Timing-wise, Mr Eustice has indicated the reforms identified could find themselves included in the agriculture White Paper (due out this year). Given the scope of the White Paper, that sounds quite ambitious to me and my feeling is that tenancy reform could well slip down the government’s agenda.

Returning to the question about your own succession, it is true there are some proposals specific to succession.

These include replacing the suitability test with a business competence test, and removing the minimum retirement age for a tenant while simultaneously imposing an upper limit on retiring to, say, five years beyond the state retirement age, after which there could be no succession.

There has been talk of extending the list of close relatives eligible to apply beyond the current class of spouses, siblings and children. It has also been suggested that the commercial unit test be repealed – that is the test that precludes succession where an applicant already has a significant interest in another commercially viable agricultural unit.

If implemented, some of these proposals will have the effect of raising the bar for succession.

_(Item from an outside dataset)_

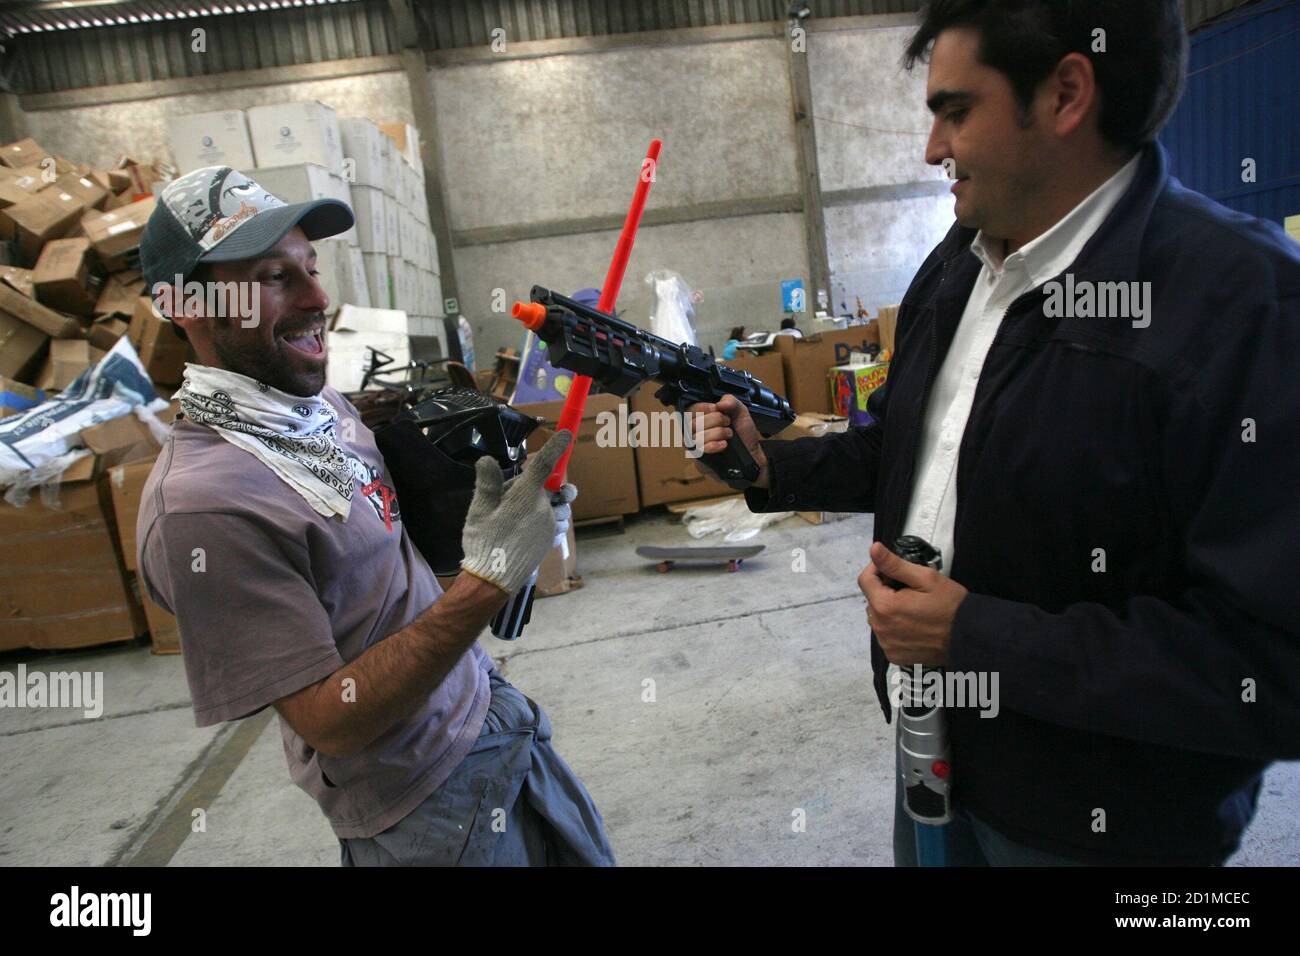 Un cliente (R) prueba una pistola de juguete mientras un trabajador sostiene una espada en una tienda de juguetes reciclados en Santiago 3 de noviembre de 2008. Más de 140 toneladas

Depending on your own particular circumstances, it could potentially have a bearing on your succession.

My advice would be to keep the succession issue under constant review. If you are confident that you satisfy the criteria, you could go down the succession on retirement route if your father will be at least 65 by the time the retirement notice takes effect or is otherwise physically or mentally incapacitated. If there is any doubt, it would be prudent to hold off. 

The main thing is to seek professional advice on your current circumstances to identify any potential weaknesses which can then hopefully be corrected ahead of any application.

Finally, I would add that Trig has not limited its proposals to reforms to Agricultural Holdings Act tenancies like your father’s. Its proposals also cover reforms to farm business tenancies, council farms and fiscal measures, as well as exit and entry from the industry.